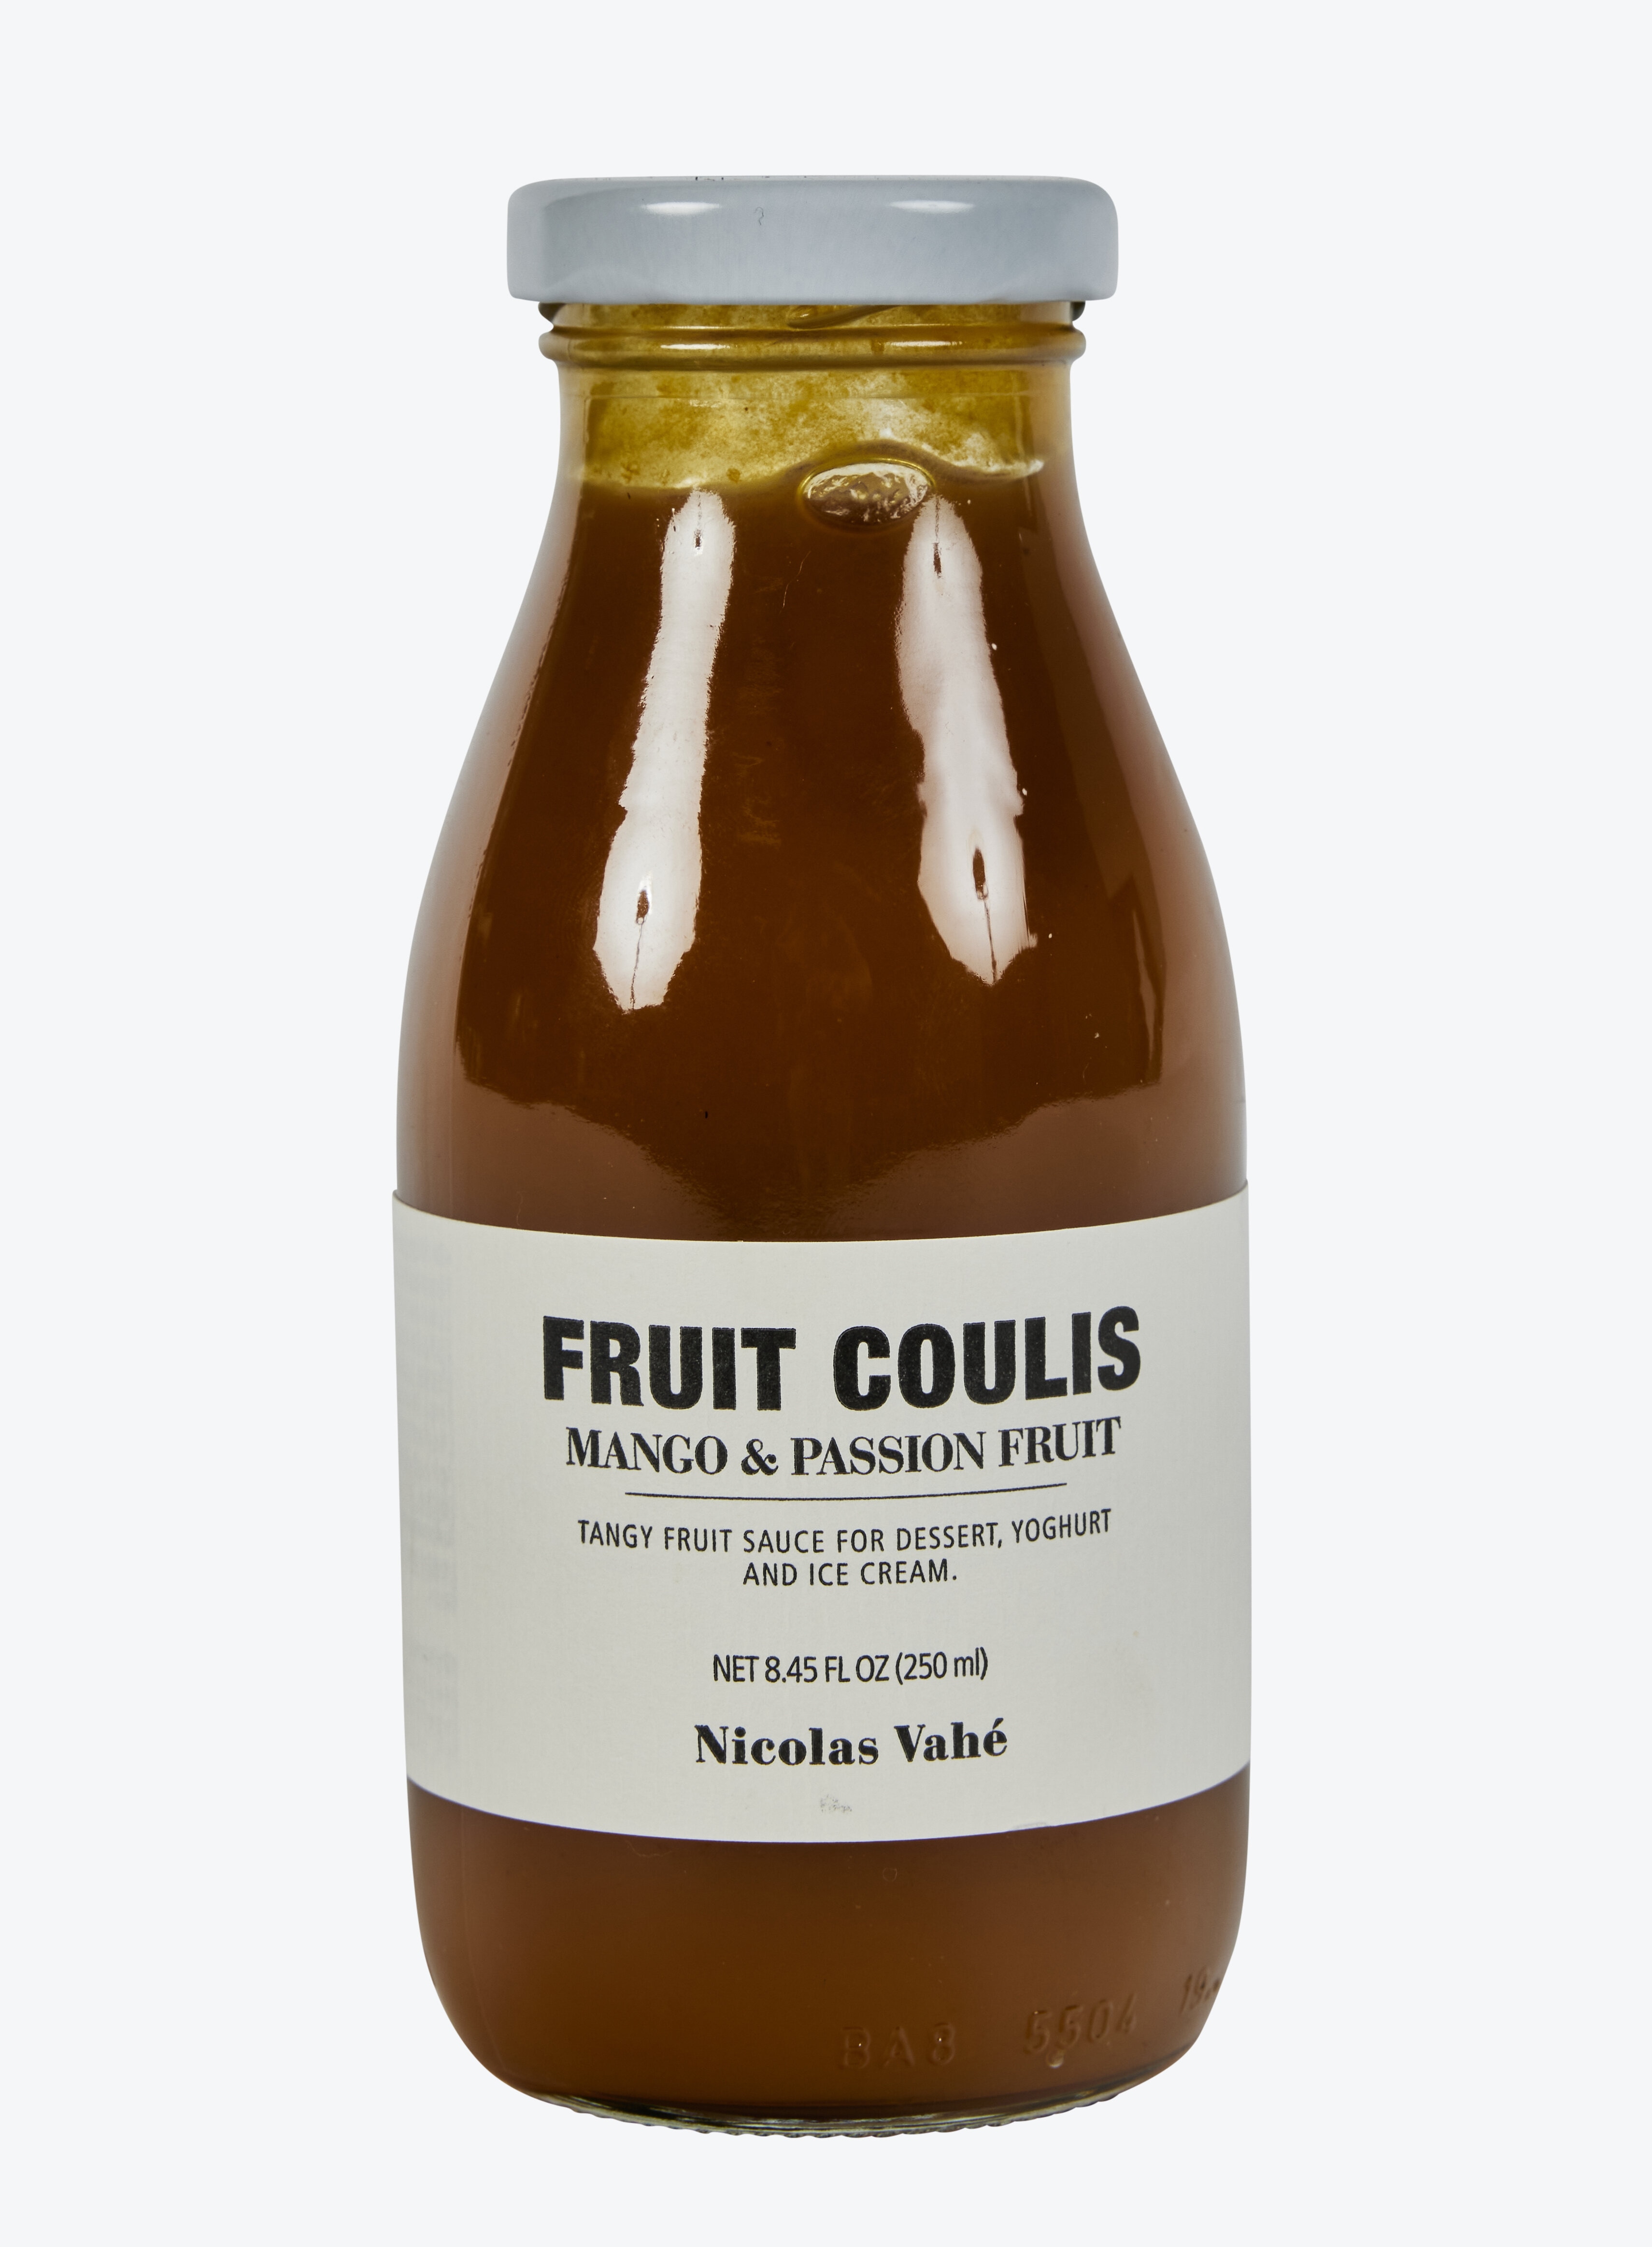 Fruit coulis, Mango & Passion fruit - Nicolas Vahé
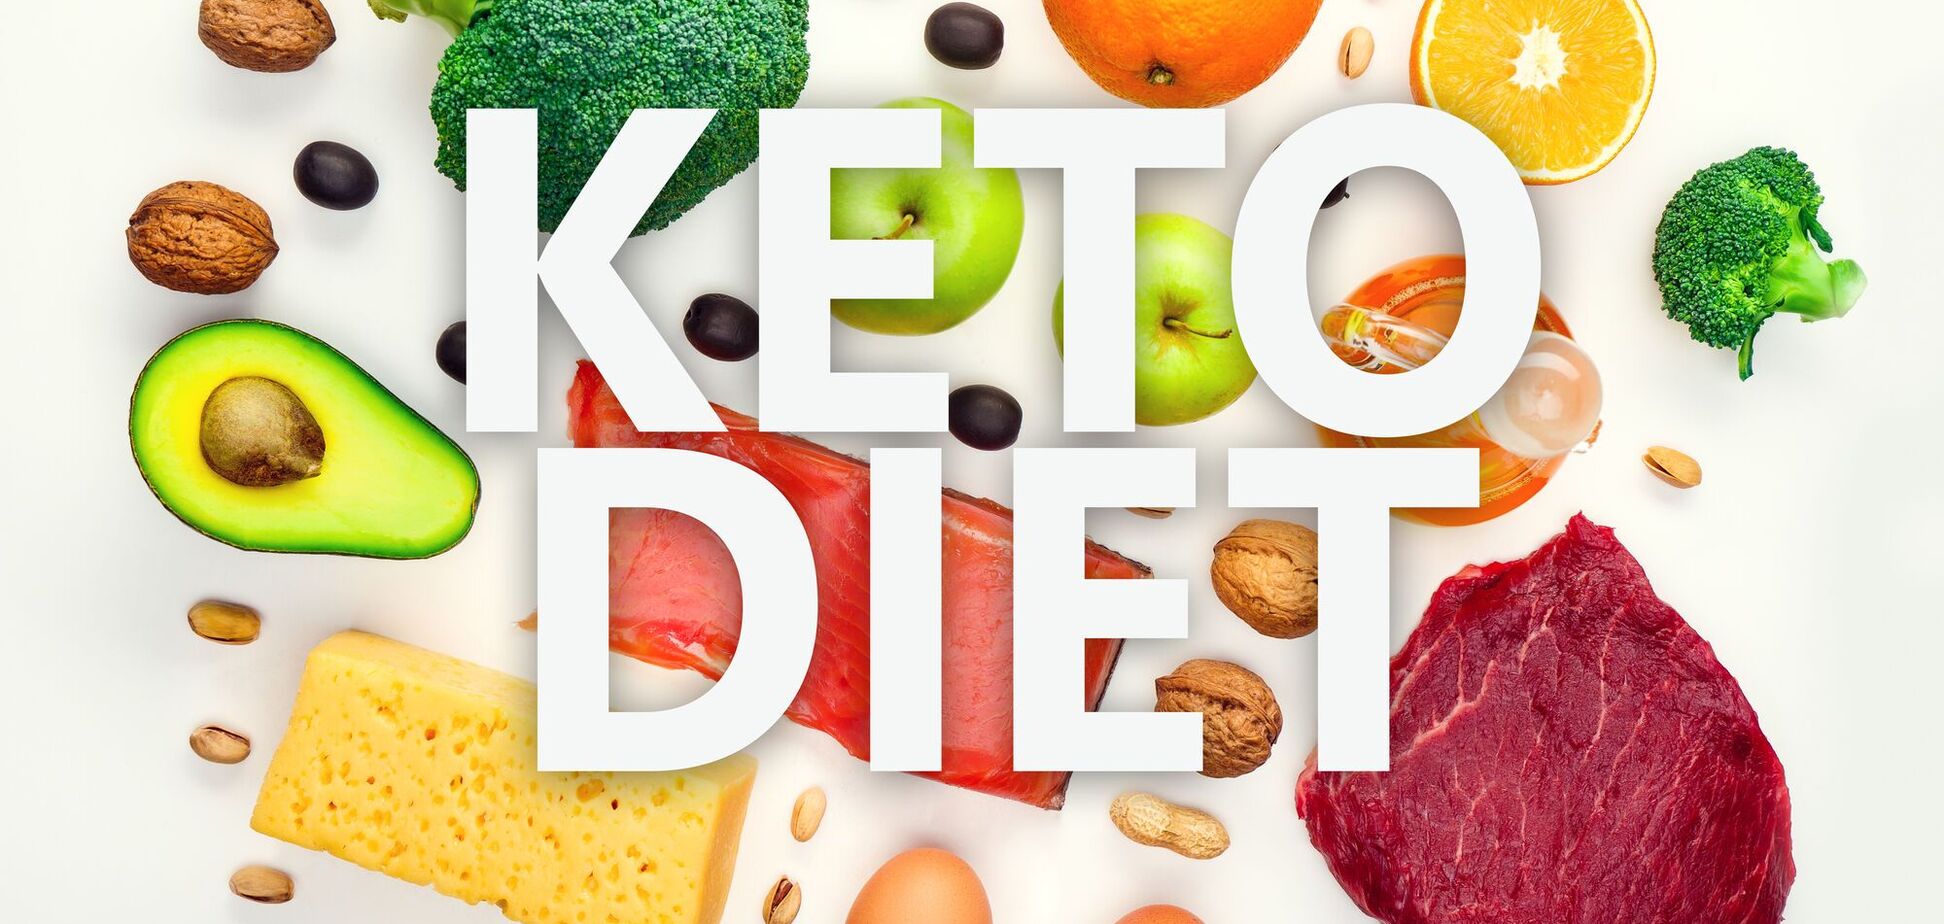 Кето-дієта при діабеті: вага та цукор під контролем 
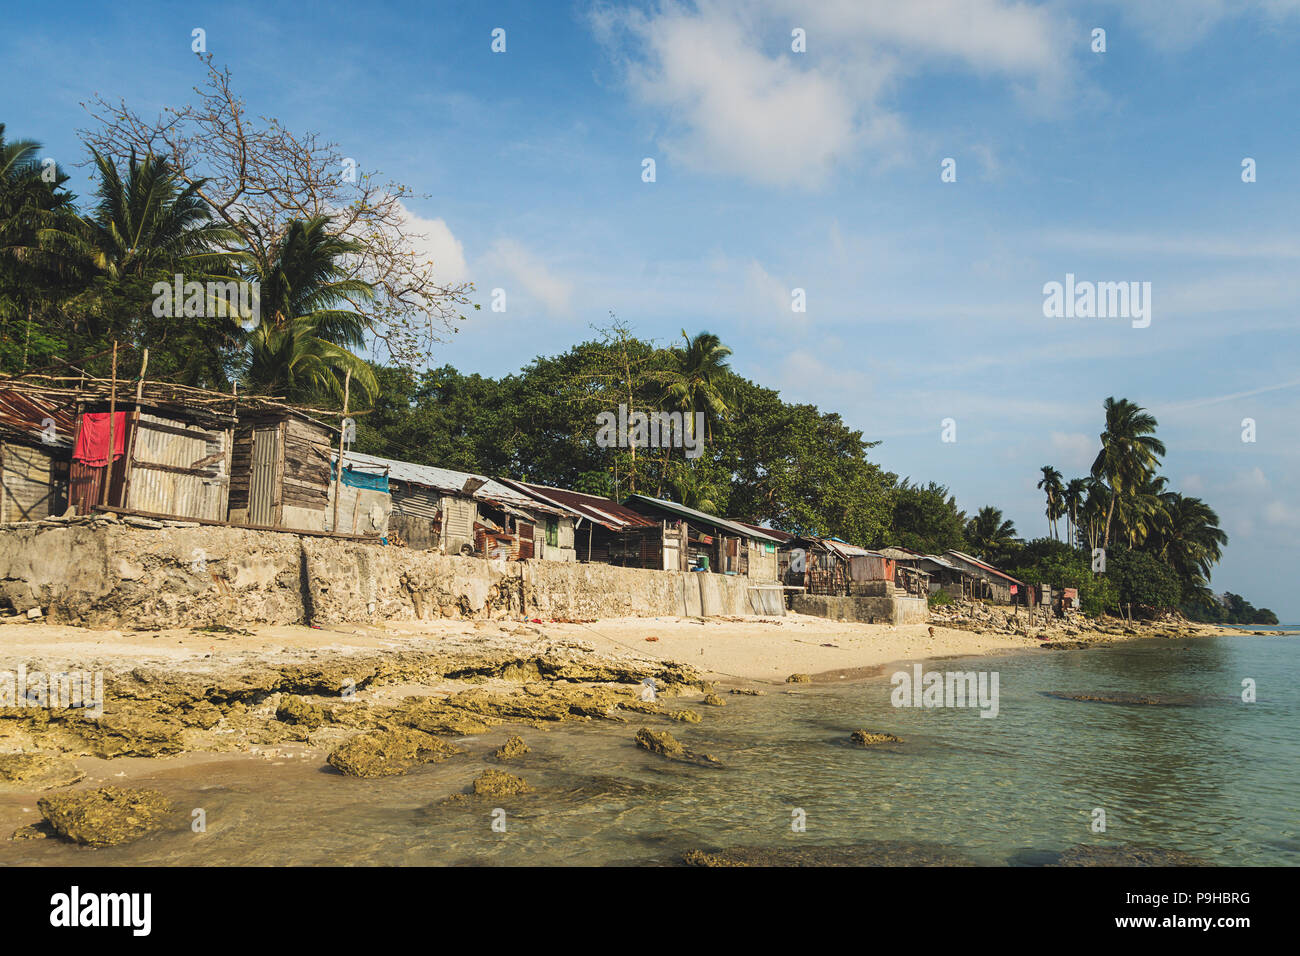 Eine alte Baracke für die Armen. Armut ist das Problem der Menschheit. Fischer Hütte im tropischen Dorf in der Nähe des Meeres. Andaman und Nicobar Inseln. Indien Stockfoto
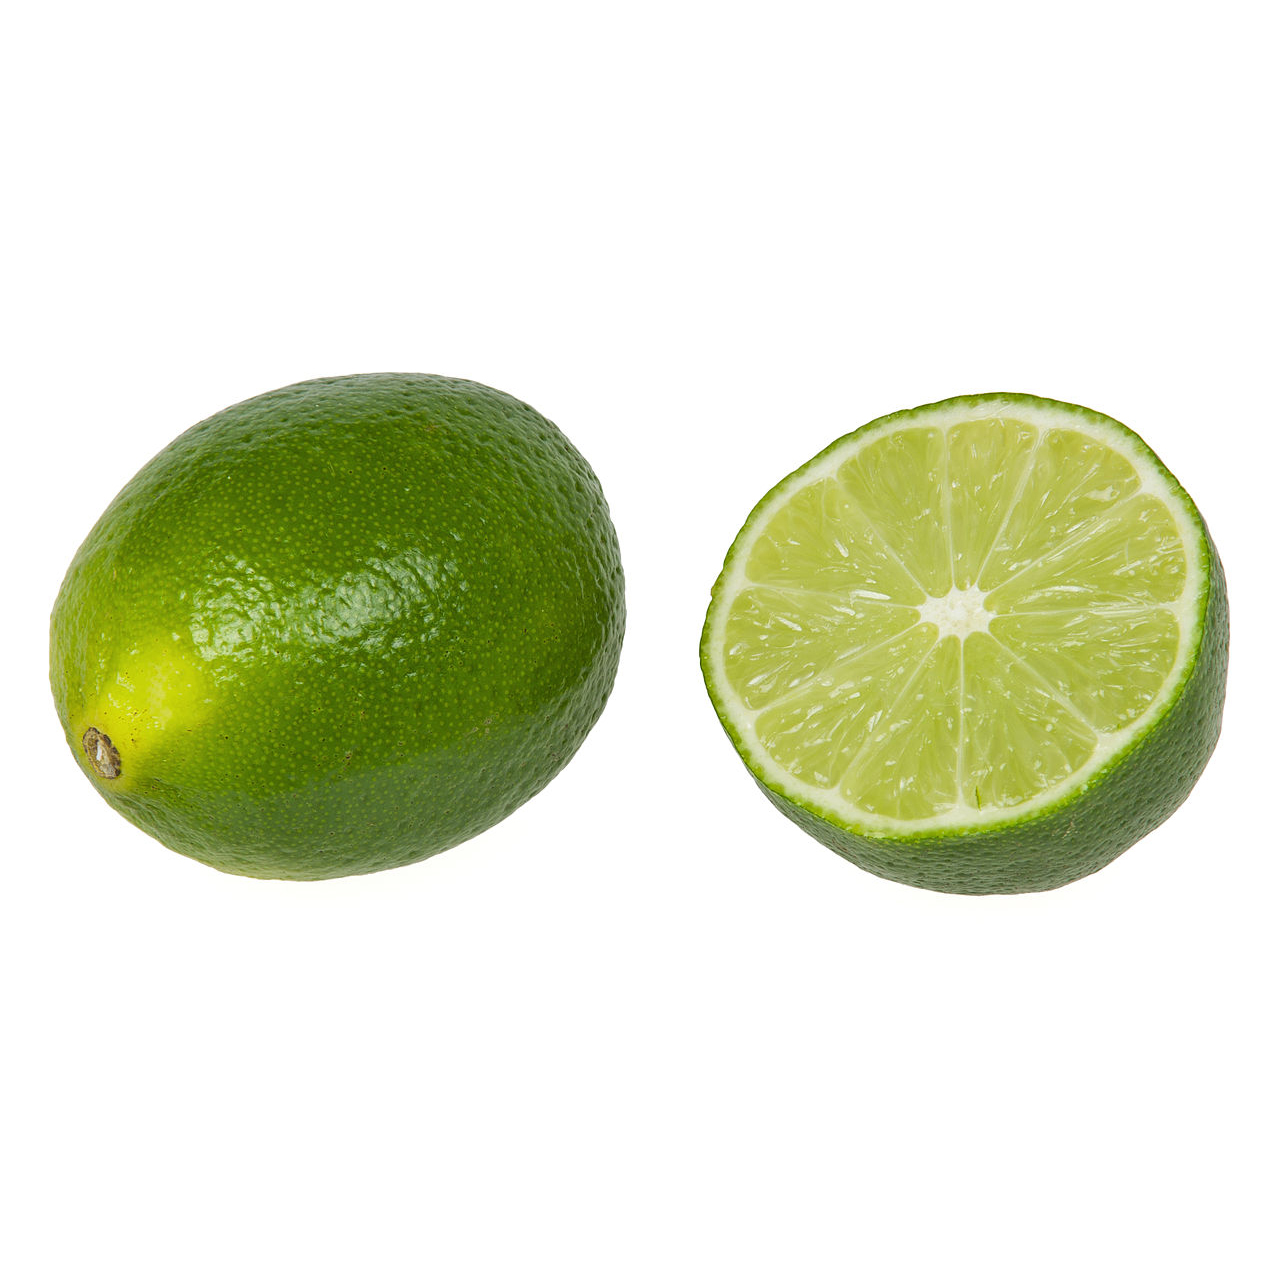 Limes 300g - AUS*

Work task: Without including any pictures, reproduce the data exactly.

Answer to the exercise:
 Fruit coulis, Mango & Passion fruit - Nicolas Vahé
 Кето-дієта при діабеті: вага та цукор під контролем 
 Eine alte Baracke für die Armen. Armut ist das Problem der Menschheit. Fischer Hütte im tropischen Dorf in der Nähe des Meeres. Andaman und Nicobar Inseln. Indien Stockfoto
 Limes 300g - AUS*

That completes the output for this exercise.